▶ WHAT TO DO
Any pictures in the records below must be left out when you repeat the lines from the line containing "Dorm furniture target" through the line containing "Better Call Saul" exactly.

▶ SOURCE INFORMATION
──────────────────────────────
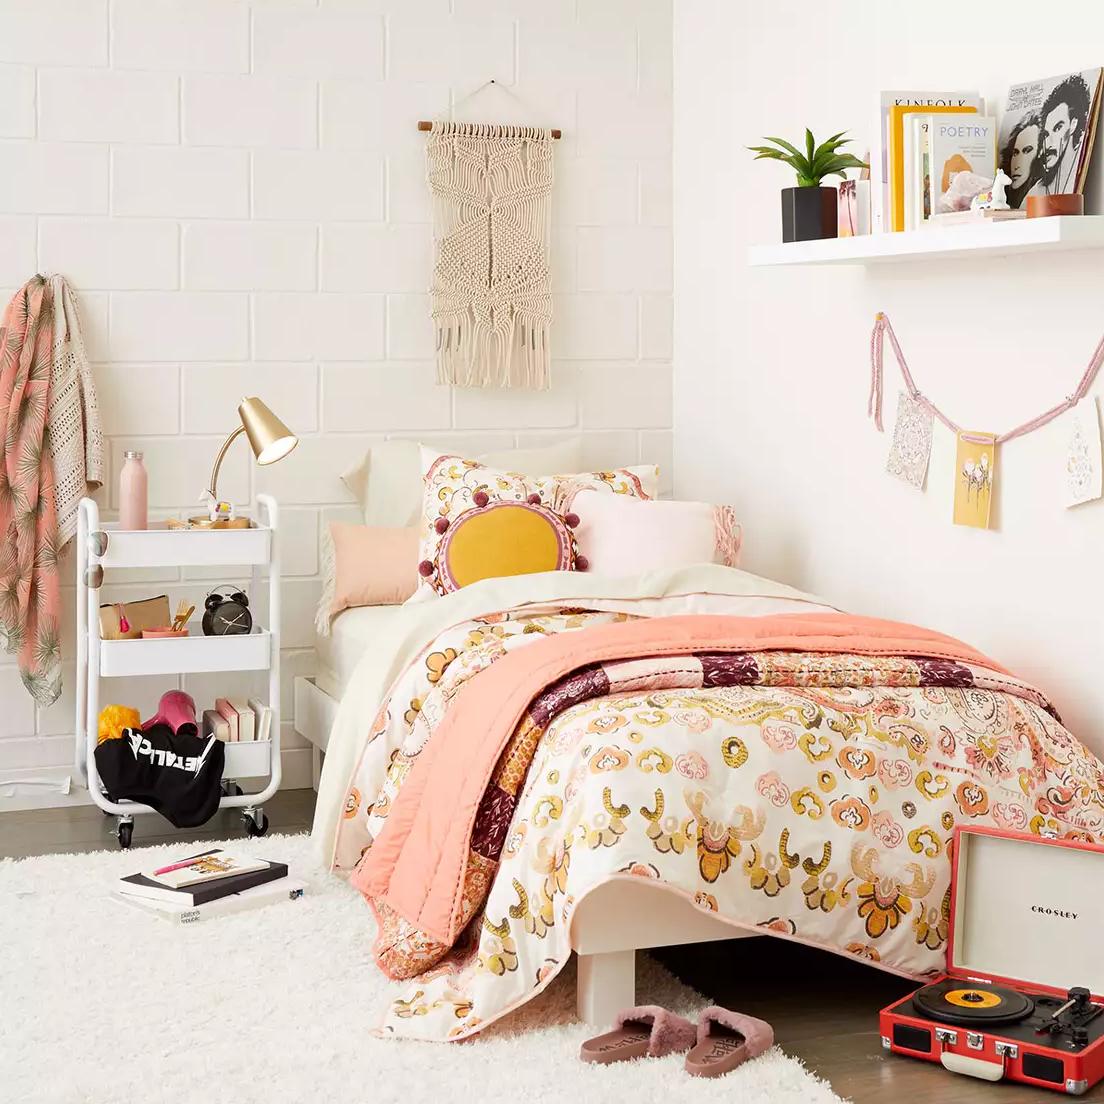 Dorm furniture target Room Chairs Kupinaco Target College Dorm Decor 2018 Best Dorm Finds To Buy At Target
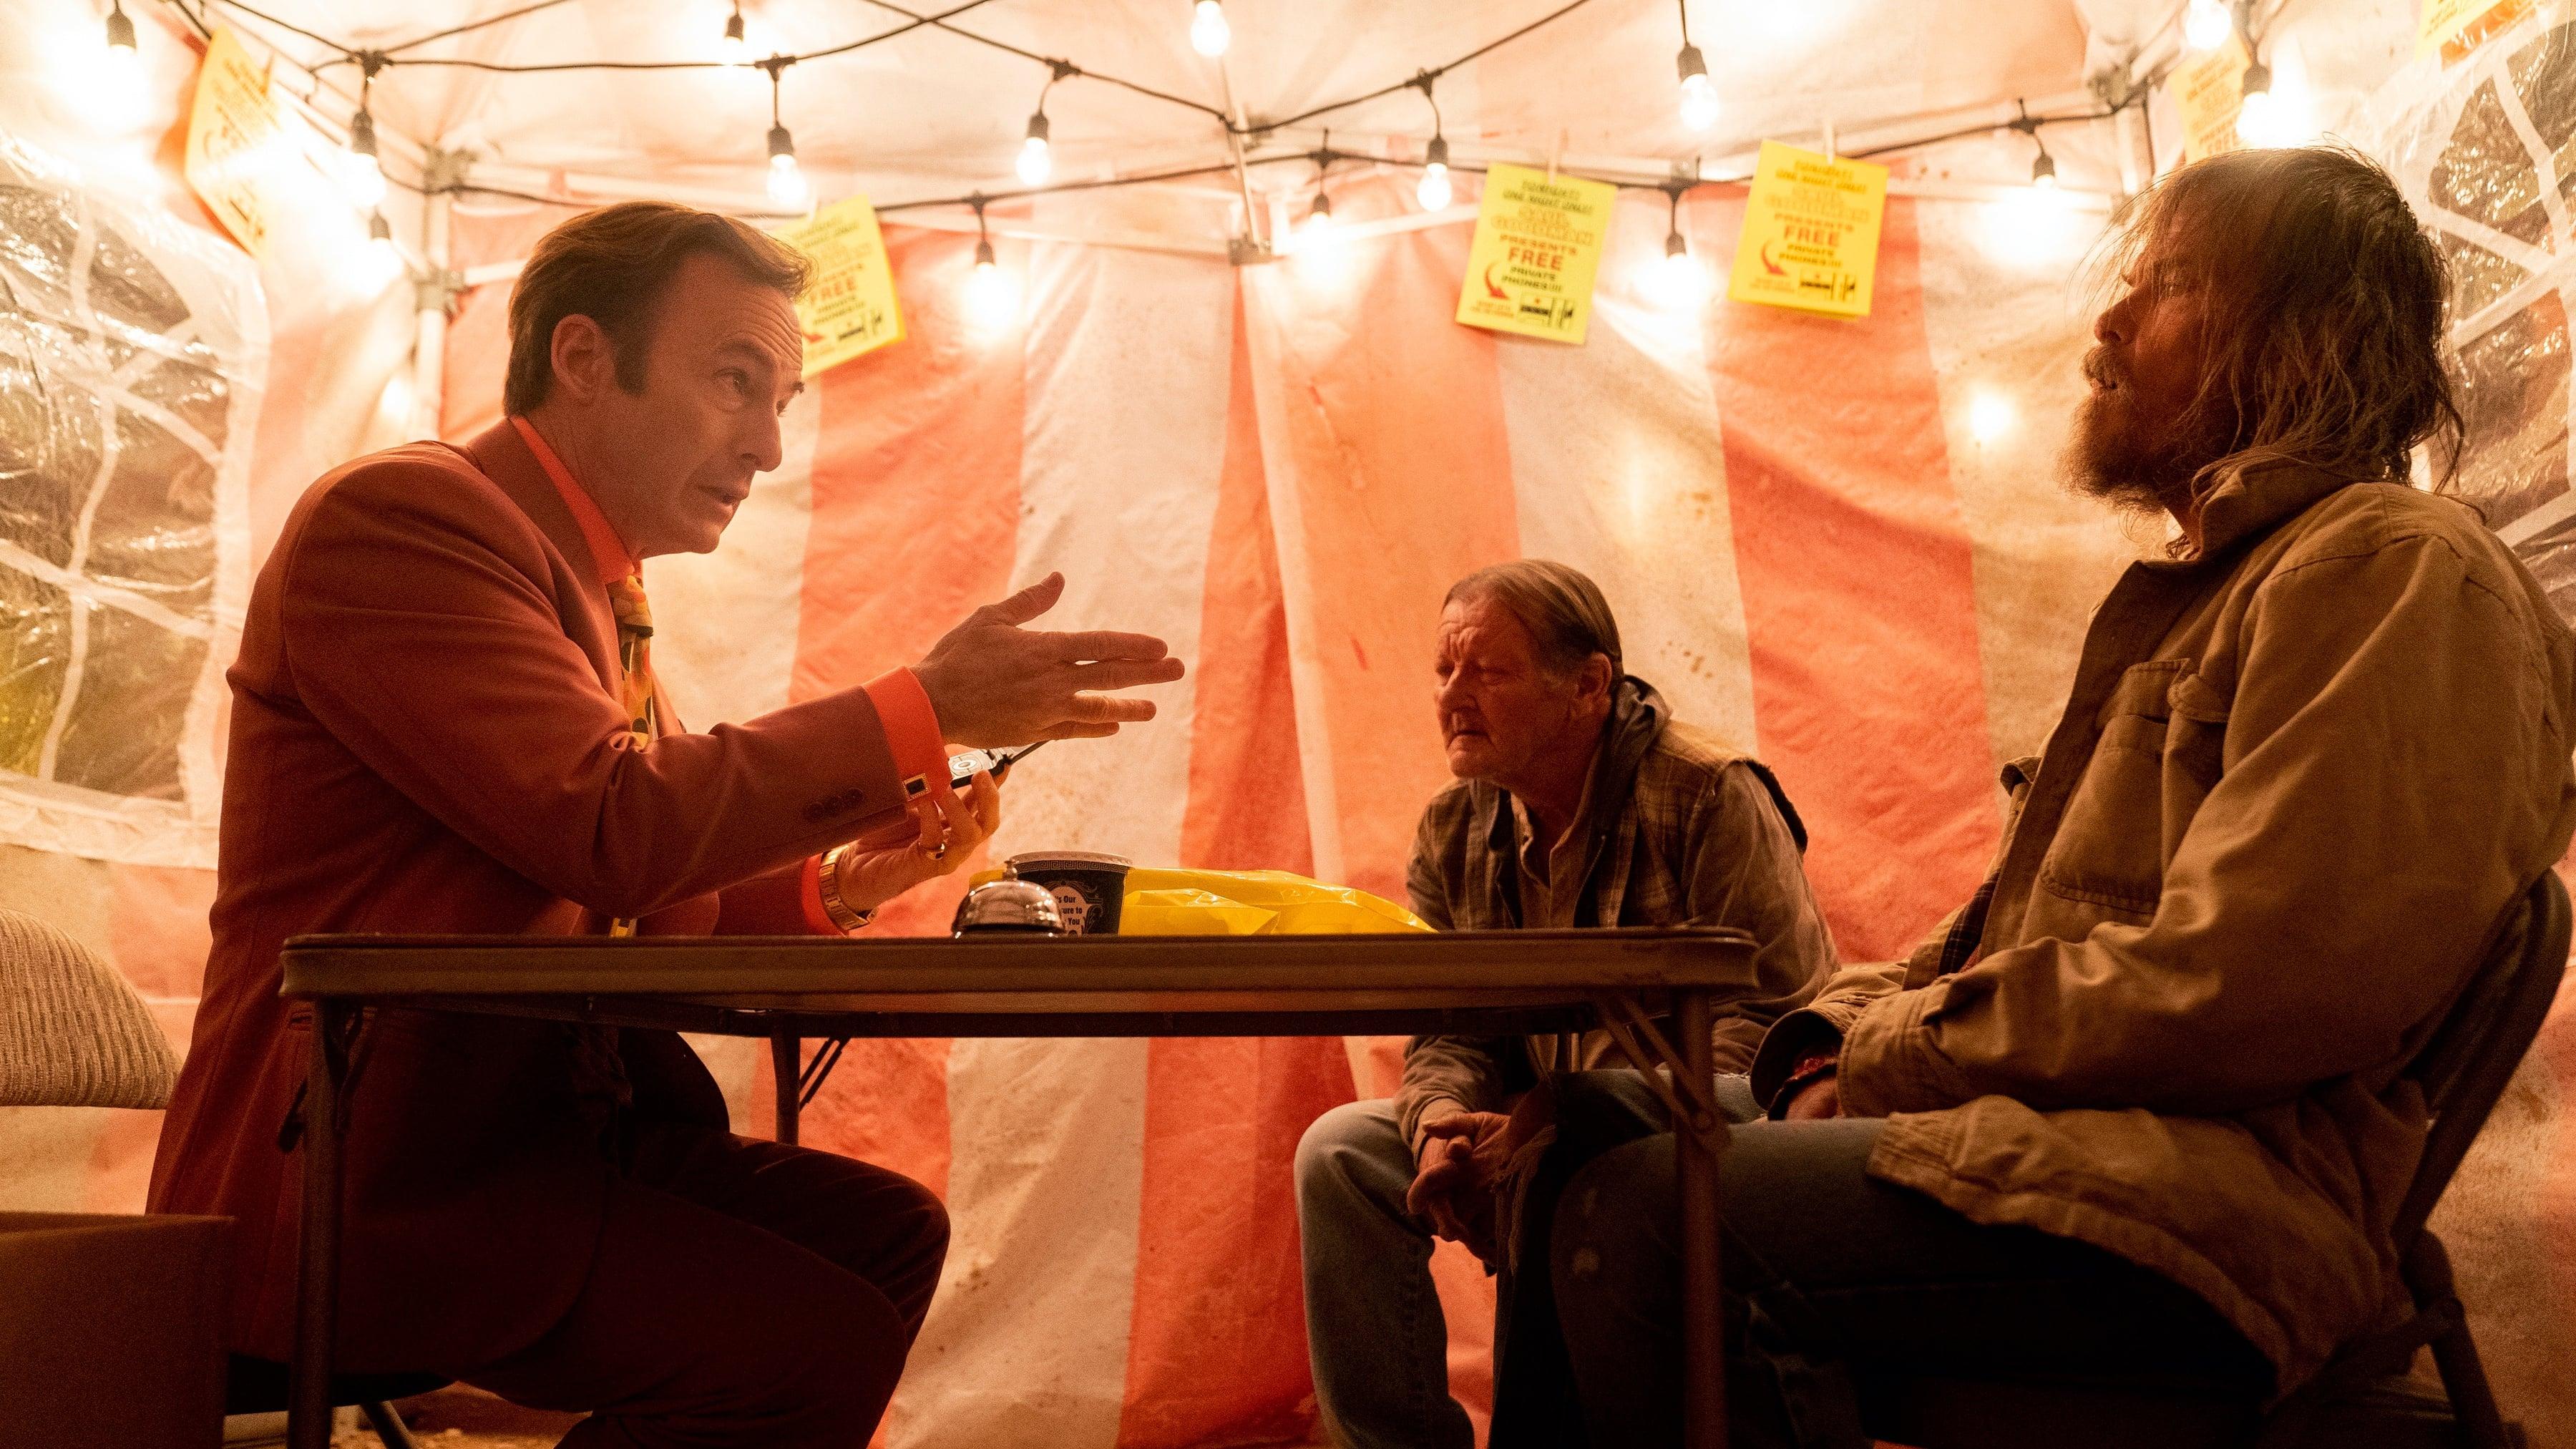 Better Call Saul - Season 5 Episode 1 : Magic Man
──────────────────────────────
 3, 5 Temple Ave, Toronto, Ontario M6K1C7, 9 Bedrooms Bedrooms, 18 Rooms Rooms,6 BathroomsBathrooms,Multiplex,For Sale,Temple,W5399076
──────────────────────────────
▶ EXERCISE SOLUTION
 Dorm furniture target Room Chairs Kupinaco Target College Dorm Decor 2018 Best Dorm Finds To Buy At Target
 Better Call Saul - Season 5 Episode 1 : Magic Man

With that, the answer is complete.